Wednesday, October 04, 2006

Austin-quote

J.L. Austin, How to Do Things with Words:

“Suppose, for example, I see a vessel on the stocks, walk up and smash the bottle hung at the stem, proclaim ‘I name this ship the Mr. Stalin and for good measure kick away the chocks: but the trouble is, I was not the person chosen to name it (whether or not—an additional complication—Mr. Stalin was the destined name; perhaps in a way it is even more of a shame if it was). We can all agree (1) that the ship was not thereby named; (2) that it is an infernal shame. One could say that I ‘went through a form of’ naming the vessel but that my ‘action’ was ‘void’ or ‘without effect,’ because I was not a proper person, had not the ‘capacity’ to perform it; but one might also and alternatively say that, where there is not even a pretence of capacity or a colourable claim to it, then there is no accepted conventional procedure; it is a mockery, like a marriage with a monkey. Or again one could say that part of the procedure is getting oneself appointed.”

4 Comments:

Blogger Anonymous Brigham Young said...

Might not this "mockery" become more notorious and permanent than its proper name if as a nickname or pseudonym it gets reiterated by a large population who believes it to be more indicative of the thing's true character?
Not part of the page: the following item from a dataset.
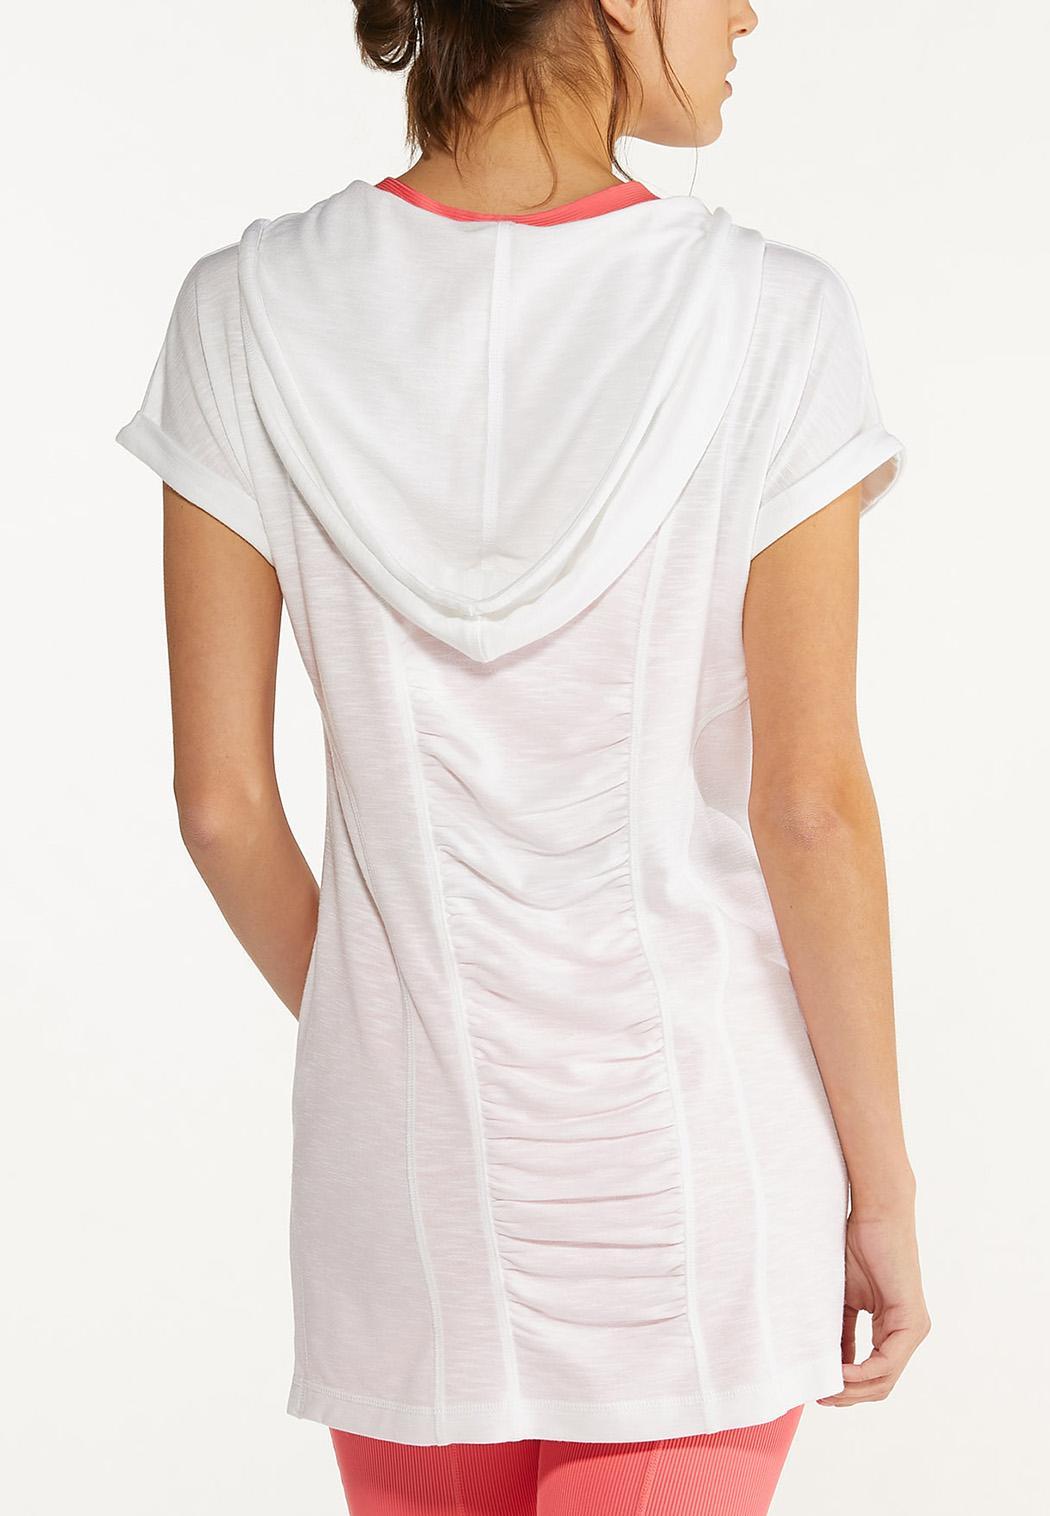 Plus Size White Zippered Hoodie (Item #44602880)

Are speech acts that perform functions related to the state apparatus fundamentally different than those of social functions related to a more organic Law?

1:54 PM  
Blogger Johannes said...

Yes, that's the trick, isn't it?

2:37 PM  
Blogger Anonymous Brigham Young said...

What do you mean by "trick"?

In my philistine reductiveness Austin's position seems reducible to "iterations of language depend on social context but certain phrases still retain some kind of transcendental performativity in certain situations"
This doesn't seem to hold in an age where social capital is generated quite freely apart from any official ceremony or duty to the law. And even if it were, wouldn't the legal code as *written* text be the performative an illocutionary act merely gives assent to?
Whether an utterance performs, or sticks, constitutes good faith seems to have much more to do with collective desire than particular features of language.

10:47 AM  
Blogger Johannes said...

By trick I mean that I think you are probably right - if the Stalinists are in fact not an impotent minority (as the example assumes!), but a "large population" then the boat's "nickname" might have more "permanent." Absolutely. There are many examples of this in history.

The fact that Austin uses such an oddly archaic ritual as ship-naming may suggest more than he realized when he picked it.